Csf2ra deletion attenuates acute lung injuries induced by intratracheal inoculation of aerosolized ricin in mice

Abstract

Specific therapeutics are not available for acute lung injury (ALI) induced by ricin toxin (RT). Inhibiting the host immune response in the course of pulmonary ricinosis is hypothesized to be of benefit and can be achieved by impairing granulocyte-macrophage colony-stimulating factor (GM-CSF) signaling, thereby reducing the pro-inflammatory response to exogenous foreign body invasion. However, it is unknown whether mice with impaired GM-CSF signaling can survive after RT inhalation. To test this, colony stimulating factor 2 receptor alpha (Csf2ra) knockout (KO) mice that lack GM-CSF signaling and wild-type (WT) mice models of intratracheal exposure to a lethal dose (2× LD₅₀) of RT were established. Survival was greater in Csf2ra KO mice 21 days after RT inhalation compared with WT mice. Highly co-expressed genes that probably attenuated the pro-inflammatory response in the lung of Csf2ra KO mice were identified. Bioinformatics analysis revealed that transcriptome changes involved mostly inflammation-related genes after RT exposure in both Csf2ra KO mice and WT mice. However, the activity levels of pro-inflammatory pathways, such as the TNF signaling pathway and NF-κB signaling pathway, in Csf2ra KO mice were significantly decreased and the degree of neutrophil chemotaxis and recruitment inhibited after RT-exposure relative to WT mice. RT-qPCR and flow cytometry validated results of RNA-Seq analysis. This work provides potential avenues for host-directed therapeutic applications that can mitigate the severity of ALI-induced by RT.

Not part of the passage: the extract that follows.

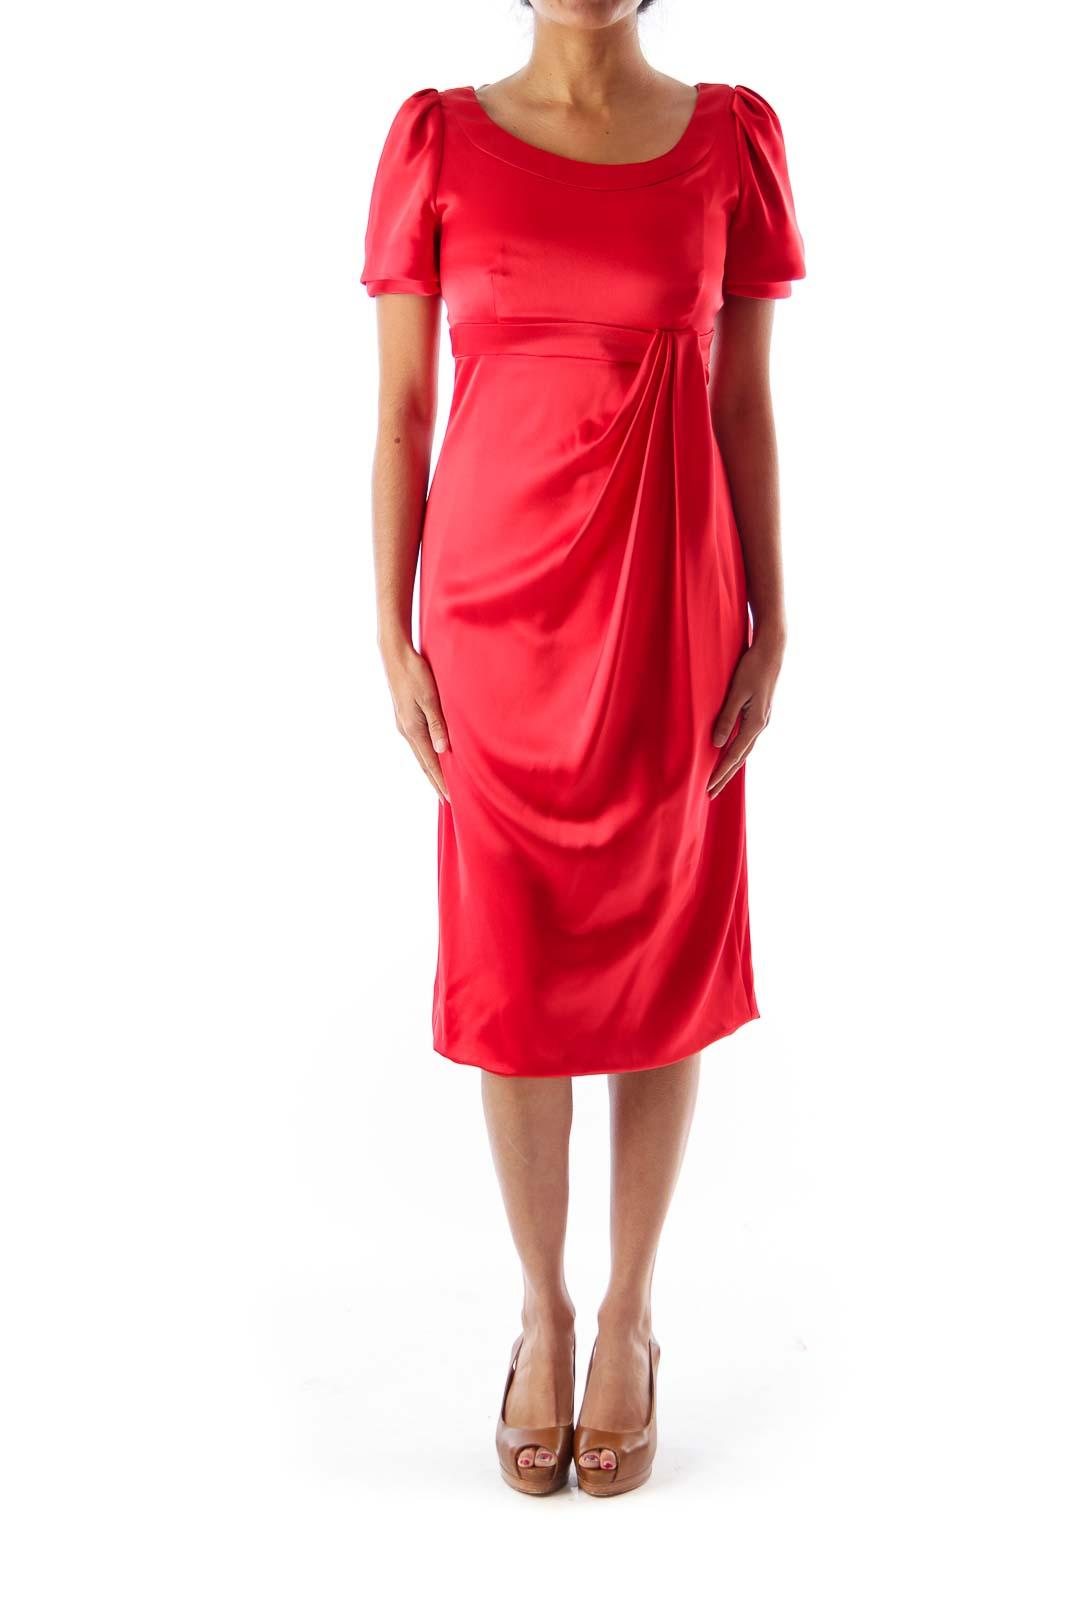 Red Empire Dress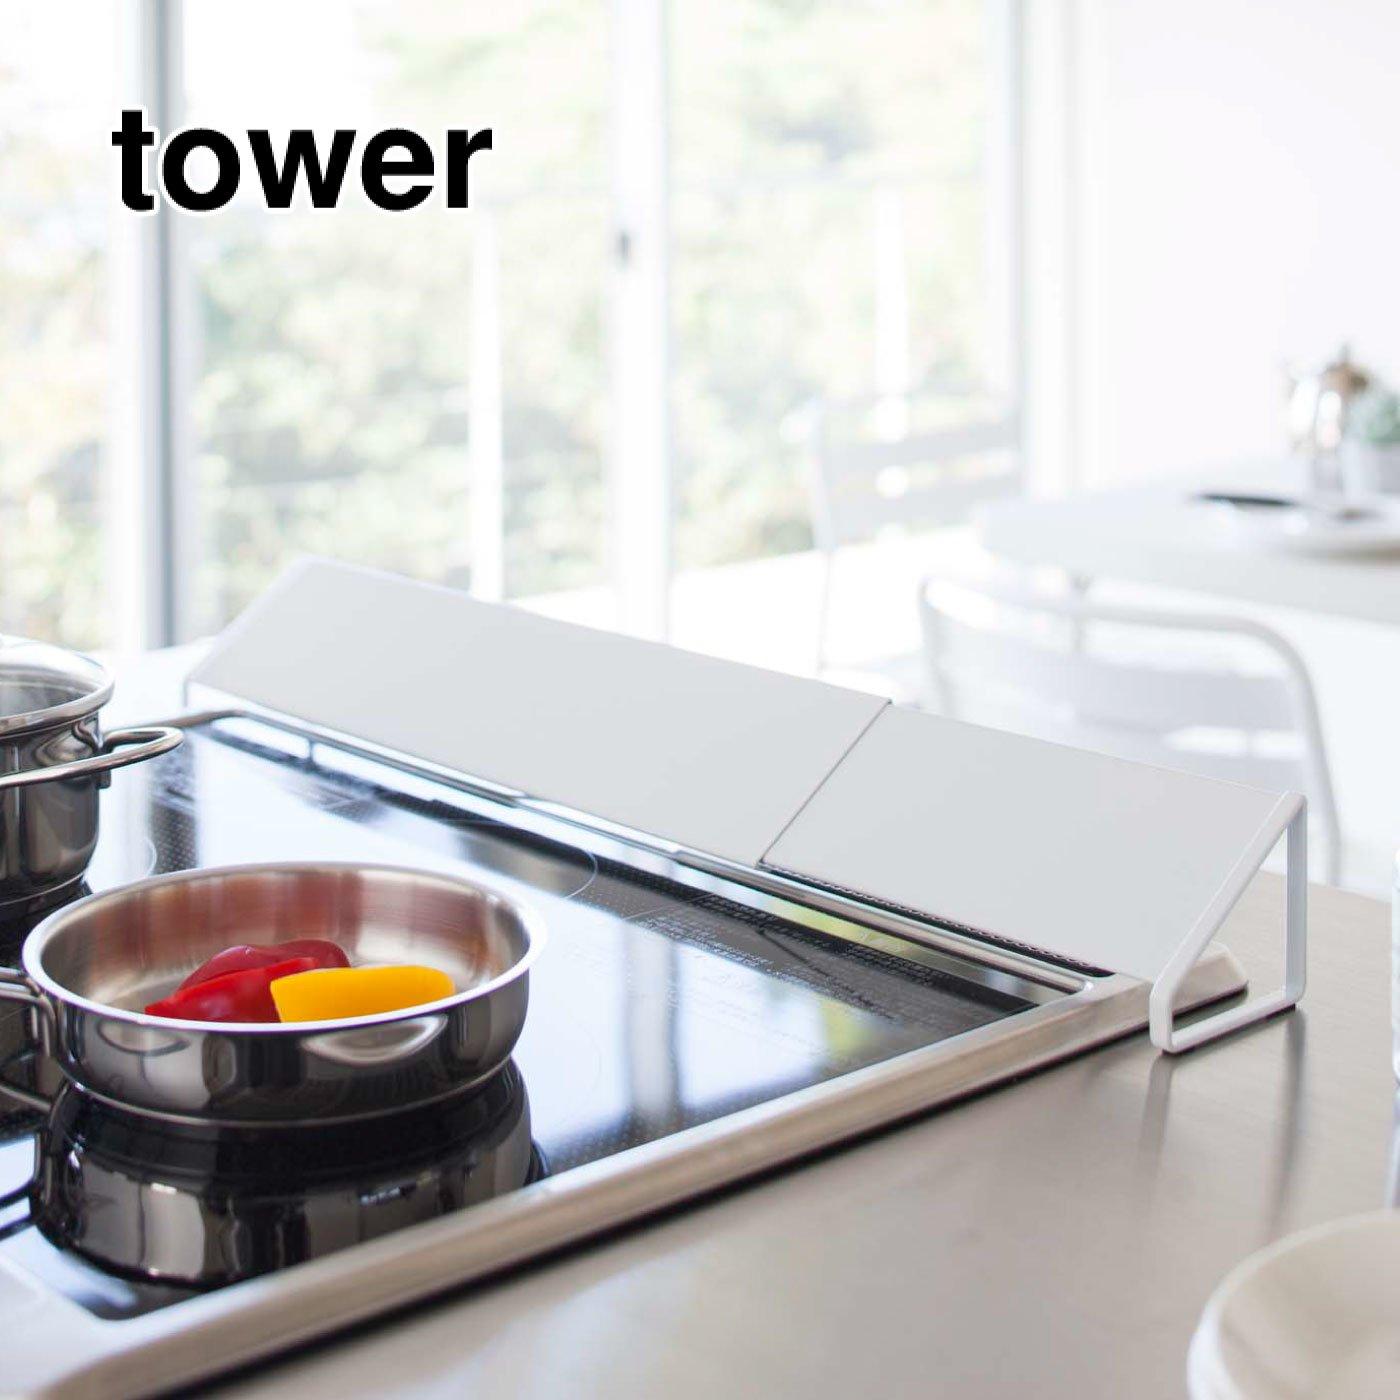 tower キッチングリル排気口カバー

Keywords: ALI; Csf2ra; GM-CSF receptor; RNA-Seq; RT; inflammation response.

Figure 1

Csf2ra KO mice acquire protection from RT-induced mortality and morbidity. (A) Survival curves for Csf2ra KO mice (n = 10) and WT mice (n = 10); survival rate of the two groups is significantly different (P = 0.0038). (B) H&E stained lung tissue from each treatment group at three time points. Scale bar, 250 μm. (C) Pathological score for each group. *P <0.05.

Figure 2

WGCNA identified gene co-expression networks in Csf2ra KO mice and WT mice. (A) Topological overlap matrix plot showing pairwise gene correlations within each module. Genes within different modules are labeled with different colors according to WGCNA’s conventions. (B) The top 15 KEGG entries for genes found in the “black” module. The x-axis represents gene count and the y-axis is KEGG terms. (C) The top 20 entries in GO analysis for biological processes in the “red” module.

Figure 3

DEGs analysis of RNA-Seq in lung tissue of Csf2a KO mice and WT mice after RT-exposure compared to control. (A) Bar chart showing the number of DEGs under different experimental conditions. (B) The top 25 entries in the KEGG pathway with significant accumulation of up- and downregulated genes in each group under different experimental conditions.

Figure 4

DEGs analysis of RNA-Seq in lung tissue of Csf2ra KO mice compared to WT mice at 4, 12 and 72 h post RT-inhalation. (A) The top 17 entries in the KEGG pathway of upregulated genes in Csf2ra KO mice or WT mice under different experimental conditions. (B) The TNF signaling pathway was significantly downregulated in Csf2ra KO mice relative to WT mice at 4 h post-RT inhalation. (C) The NF-κB pathway was significantly downregulated in Csf2ra KO mice relative to WT mice at 4 h post-inhalation. (D) RT-qPCR verification of genes identified in transcriptome analysis. Two-way ANOVAs followed by Sidak’s multiple comparison tests were used; *P <0.05. (E) Western blot analysis for p-p65, p65, p-IκB, IκB and TNF protein expression levels.

Figure 5

Temporal transcriptome analysis of lung tissues in Csf2ra KO mice and WT mice. (A) The nine clusters identified by the maSigPro algorithm for the selected genes. (B) Analysis of GO biological processes in Cluster 5. (C) Analysis of GO biological processes in Cluster 8. (D) Heat maps showing expression levels of genes in Cluster 8 in each group. (E) RT-qPCR verification of genes with consistently low expression in Csf2ra KO mice. Welch’s t test; **P <0.01, ***P <0.0001.

Figure 6

The degree of neutrophil chemotaxis and recruitment in Csf2ra ^-/- mice was decreased relative to WT mice. (A) Immune cell abundance analyzed by ImmuCellAI at different timepoints for Csf2ra KO mice and WT mice. (B) Bar graph showing the percentage of neutrophils measured by flow cytometry. Two-way ANOVAs followed by Sidak’s multiple comparison tests; *P <0.05.